Correcting the documentation regarding the new input parameters.

+numeric/femMatrices.m

 function [M, K, L, P, PHI, dphi] = femMatrices(spatialDomain, optArgs)
 %FEMMATRICES computes the discretization matrices obtained by FE-Method
-% [M, K, L, P, PHI] = femMatrices(varargin) computes the matrices required
-% for the approximation of a system using FEM. For instance, the rhs of a pde
-%		dz (alpha(z) dz x(z)) + beta(z) dz x(z) + gamma(z) x(z) + b(z) u
-%	y = c(z) x(z)
-% is approximated as K x(z)
-% The matrices that will be returned as described in the following:
+% [M, K, L, P, PHI, DPHI] = femMatrices(SPATIALDOMAIN, OPTARGS) computes the matrices required for
+% the approximation of a system using FEM. For instance, the rhs of a pde
+%	PDE[ x(z) ] = dz (alpha(z) dz x(z)) + beta(z) dz x(z) + gamma(z) x(z) + b(z) u
+%	          y = c(z) x(z)
+% is approximated as K x(z) The matrices that will be returned are:
 %	The mass-matrix M is computed using
 %		M = int phi(z) phi(z)
 %	The stiffness matrix K is computed with
-%		K0 = int phi(z) gamma(z) phi(z)
-%		K1 = int phi(z) beta(z) (dz phi(z))
-%		K2 = int - (dz phi(z)) alpha(z) (dz phi(z)) 
-%		K = K0 + K1 + K2
+%		K0 = int phi(z) gamma(z) phi(z) K1 = int phi(z) beta(z) (dz phi(z)) K2 = int - (dz phi(z))
+%		alpha(z) (dz phi(z)) K = K0 + K1 - K2
 %	The input matrix L:
 %		L = int( phi(z) * b(z) )
 %	The output matrix P:
 %		P = int( c(z) * phi'(z) )
 %
-%	PHI is the trial function used for the discretization.
+%	PHI is the trial function used for the discretization and DPHI is the derivative of the trial
+%	function.
+%
+%	The argument SPATIALDOMAIN is mandatory and must be a quantity.Domain object.
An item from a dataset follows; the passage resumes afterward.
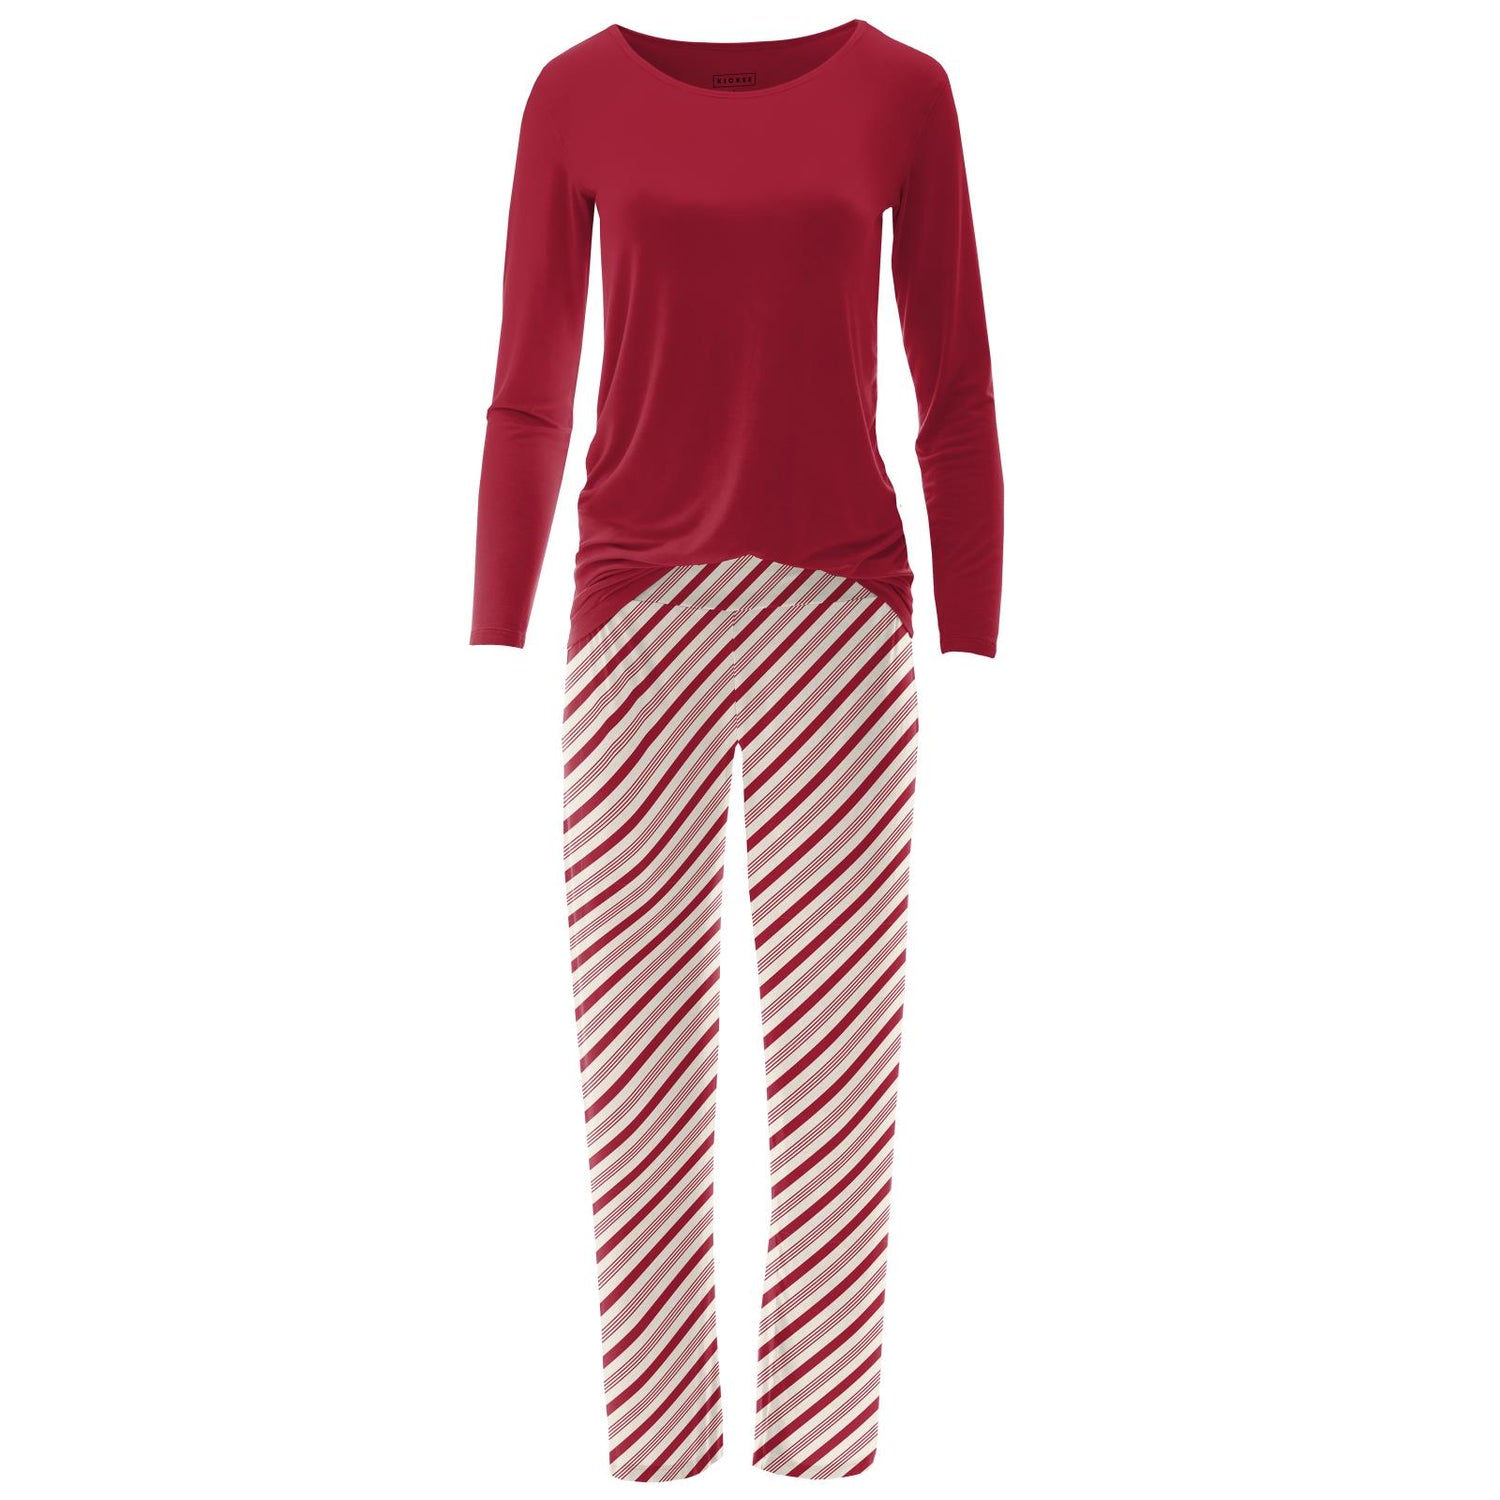 Women's Long Sleeve Loosey Goosey Tee & Pajama Pants Set in Crimson Candy Cane Stripe

The further system
+%	parameters as
+%		"alpha", "beta", "gamma", "b", "c"
+%	must be quantity.Discrete objects. With the parameter
+%		"Ne"
+%	as positive integer number one can specify the number of discretization points for one element.
+%	The parameter
+%		"silent"
+%	is a logical flag to supress the progressbar.
 %
-%	The input arguments can be given as name-value-pairs. The parameters
-%	are described in the following, the default values are written in (.).
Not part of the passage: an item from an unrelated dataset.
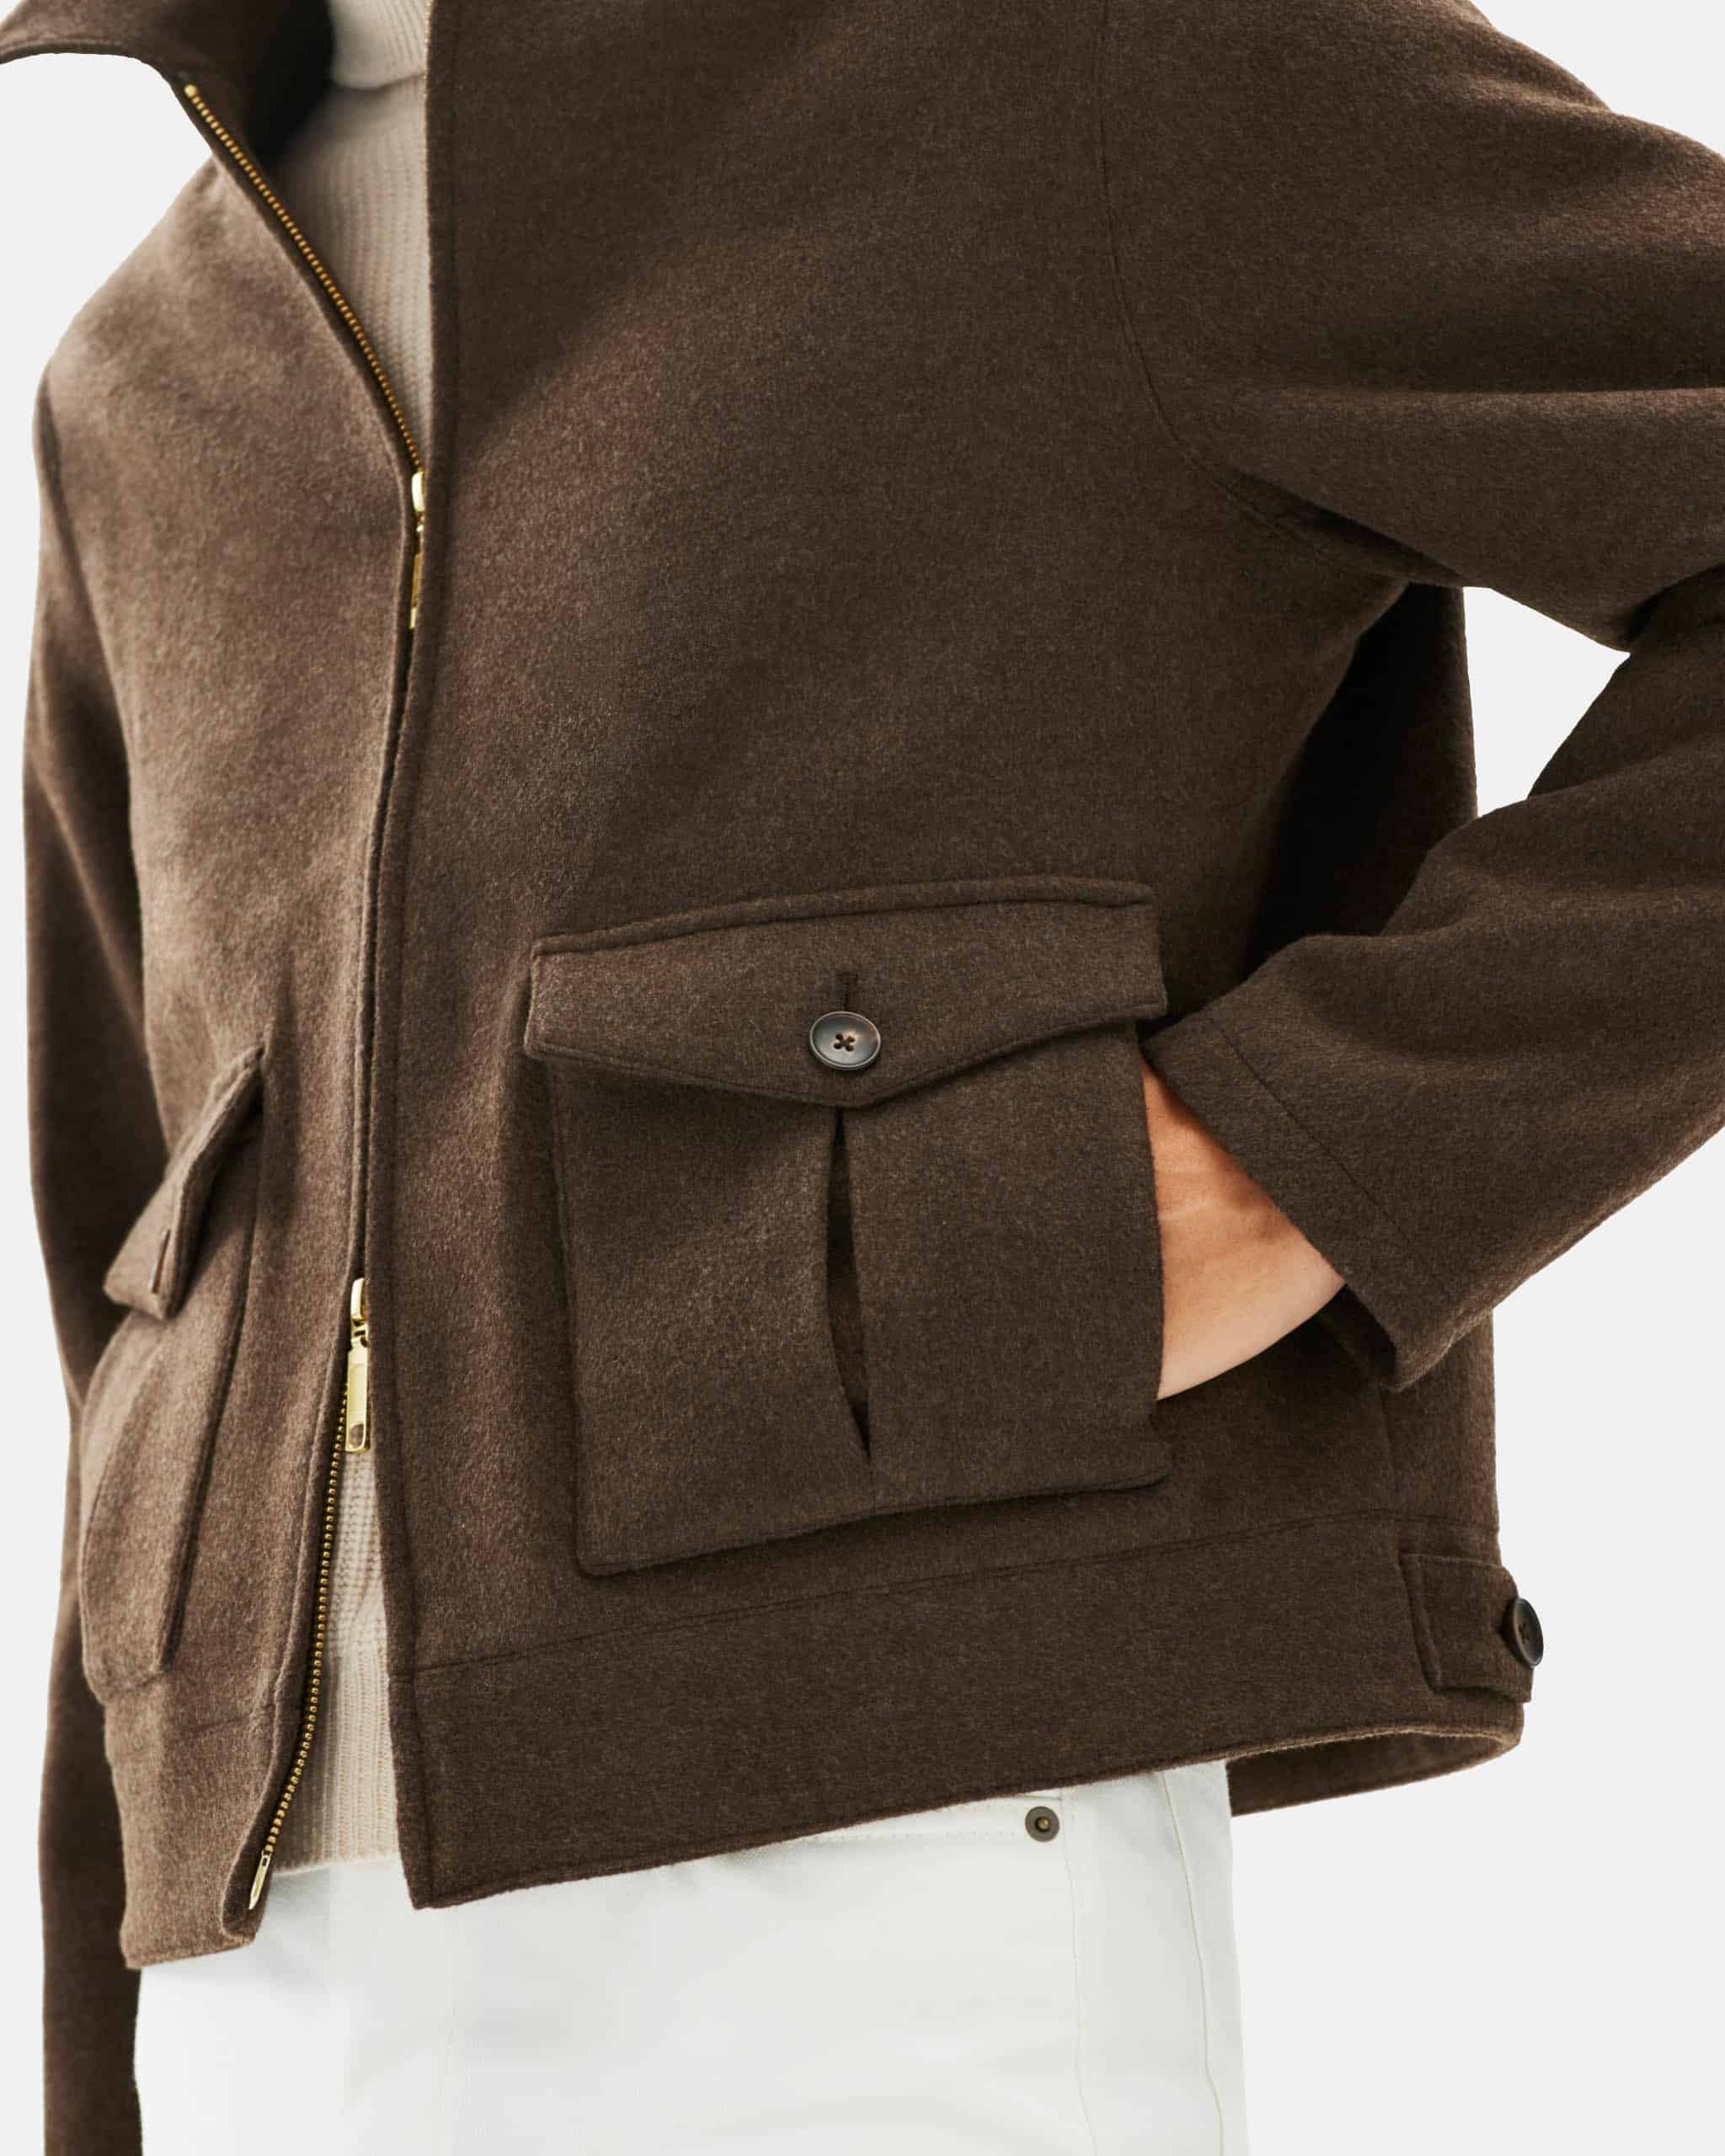 Explorateur DLV jacket pecora nera brown image 4

-%	'grid' (linspace(0, 1, 11)): grid of resulting finite elements
-%	'Ne'(111): the implementation uses numerical integration for each element.
-%		   The parameter 'Ne' defines the grid for this integration.
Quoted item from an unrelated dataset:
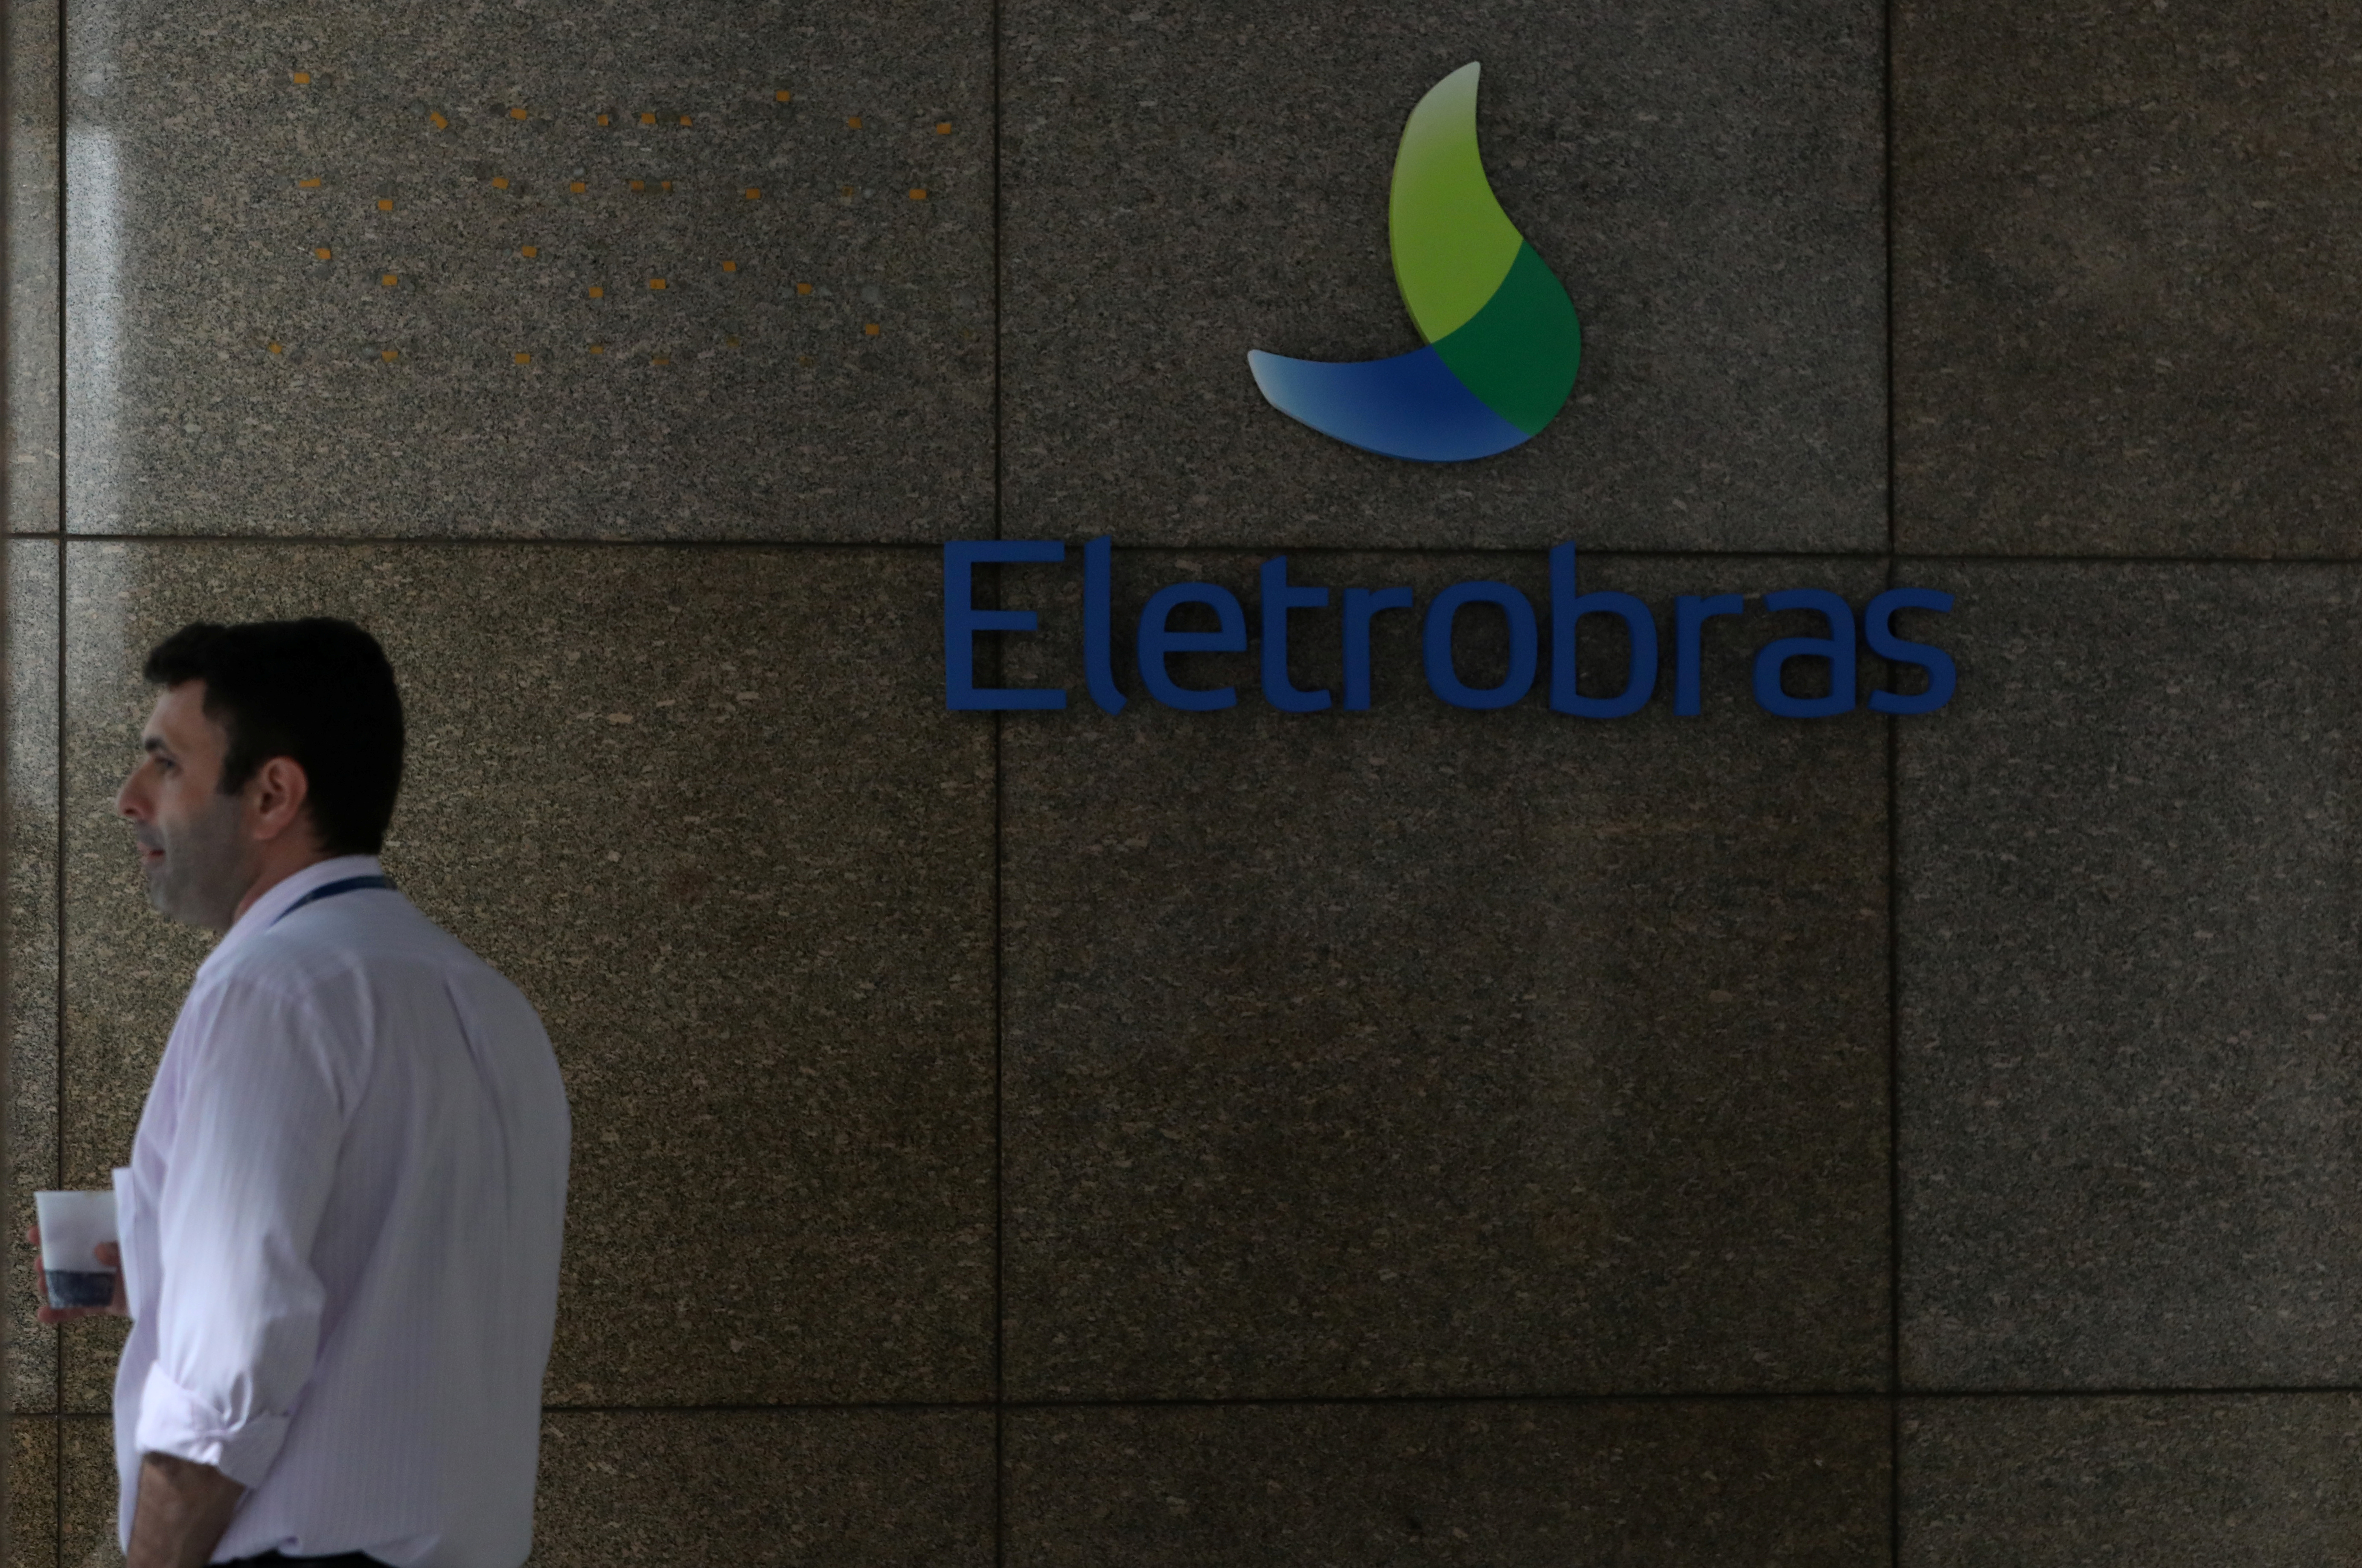 A person stands next to the logo of Brazil's power company Eletrobras in Rio de Janeiro

-%	'alpha' : the system parameter alpha, should be a quantity.Discrete.
-%	'beta'  : the system parameter beta, should be a quantity.Discrete
-%	'gamma' : the system parameter gamma, should be a quantity.Discrete
-%	'b'     : the input vector, should be a quantity.Discrete
-%	'c'		: the output vector, should be a quantity.Discrete
 
 arguments
 	spatialDomain (1,1) quantity.Domain;
@@ -42,7 +40,7 @@ arguments
  	optArgs.silent logical = false;
 end
 
-% set the system properties
+% set the system properties to local variables, for better readability and (maybe) faster access
 z = spatialDomain.grid;
 N = spatialDomain.n;
 z0 = spatialDomain.lower;
@@ -65,9 +63,9 @@ element = quantity.EquidistantDomain("z", 0, (z1 - z0) / (N - 1), ...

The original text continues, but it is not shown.